To all the girls who walk the halls late at night despite dragging through the day, unable to sleep, or afraid to fall asleep and sleepwalk themselves headfirst down a flight of stairs mistaking a left to be the right needed to find the bathroom… I see you.
To all the girls who understand love to be when someone tells you they love you despite that their actions show you every opposition, but you believe them because love is the definition of what makes one worthy… I see you.
To all the girls who have been told you are worthless, despite all the value you have given to the world, but believe another’s opinion to be fact… I see you.
To all the girls who have looked trauma and abuse in the face, not knowing how you found yourself in it, and survived it but believed it to be your fault every time… I see you.
To all the girls who define what it means to be a people pleaser or someone who will do whatever it takes to make everyone else happy, including sacrificing your own well-being and happiness… I see you.
To all the girls who are first to volunteer to help everyone (even someone you barely know) but don’t know how to ask for help for yourself… I see you.
To all the girls who have followed instructions on ending their lives, believing them to be a requirement due to black and white thinking, versus a choice… I see you, but wish I could have told you while there was still time for you to know you were seen.

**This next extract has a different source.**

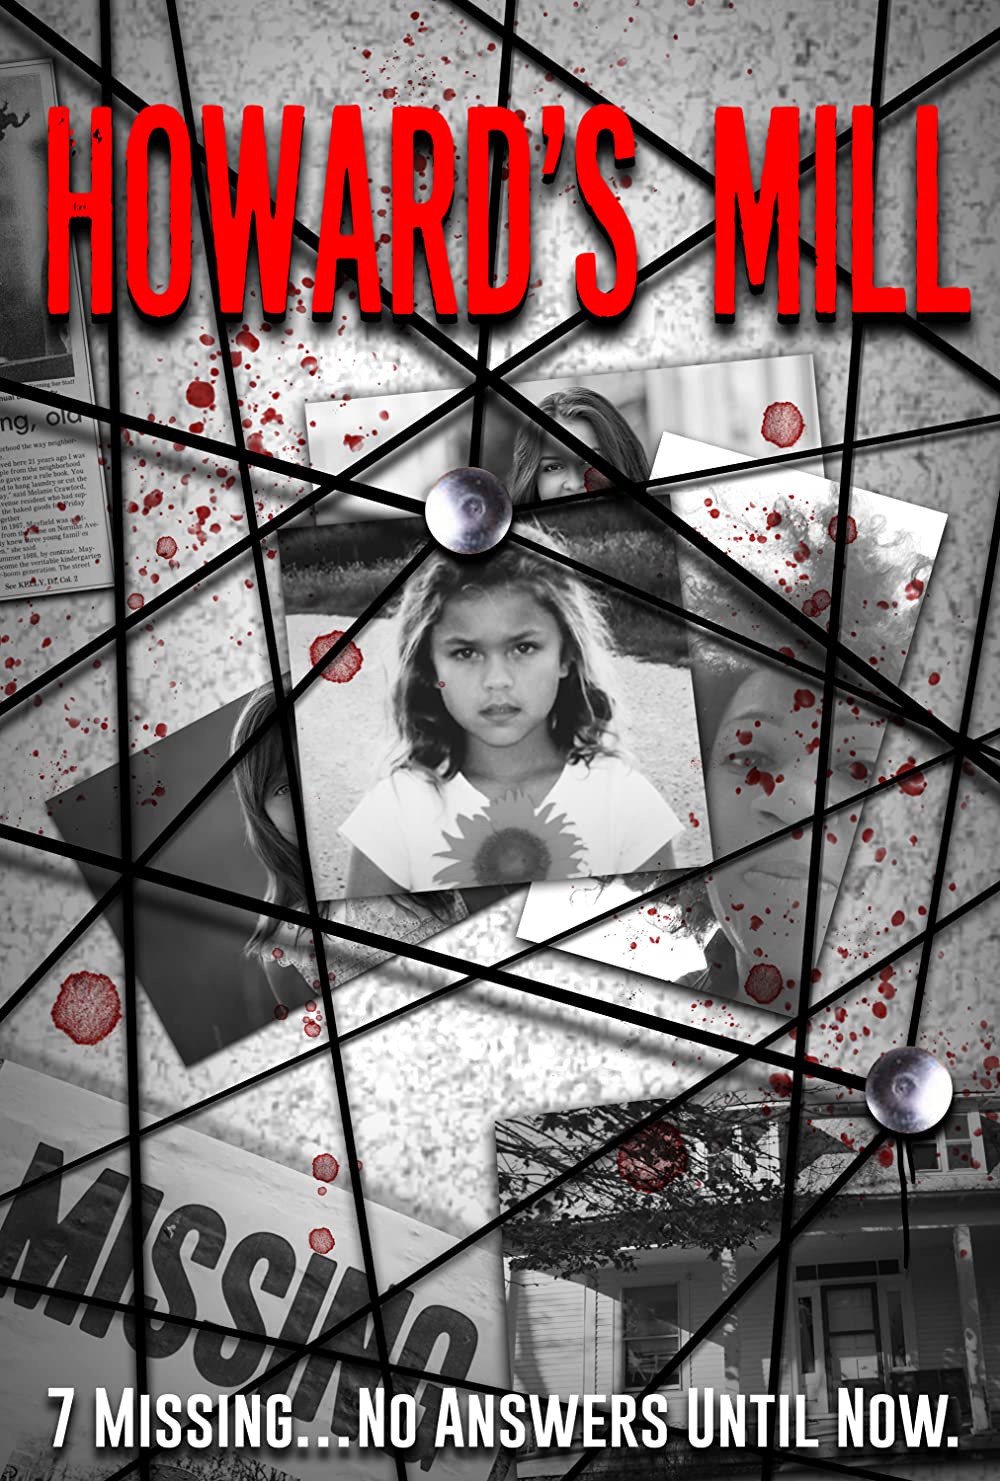 ดูหนังออนไลน์ฟรี Howard’s Mill (2021) ฮาวเวิร์ดส์ มิลล์

To all the girls who have grown up to be women who give birth to girls and boys who in this day and age receive a diagnosis that society looks at as a negative, but you realize is a roadmap to understanding how their brain is wired in a way that had someone done that for you as a child, you may have avoided any and all of the dedications listed above this one… I see you.
To all the girls navigating your adult life with a knowledge of neurodiversity and how a spectrum so unique and wide has given you clarity and answers you have searched for quietly and internally your entire life… I see you. You are not alone.
I hope you can find comfort and courage in that knowledge, and a willingness to share your story, so the compilation in all of our truths can change hearts and minds who will evaluate the next generation and have the power to make sure all the girls after us have a greater chance to not live the avoidable truths we know.”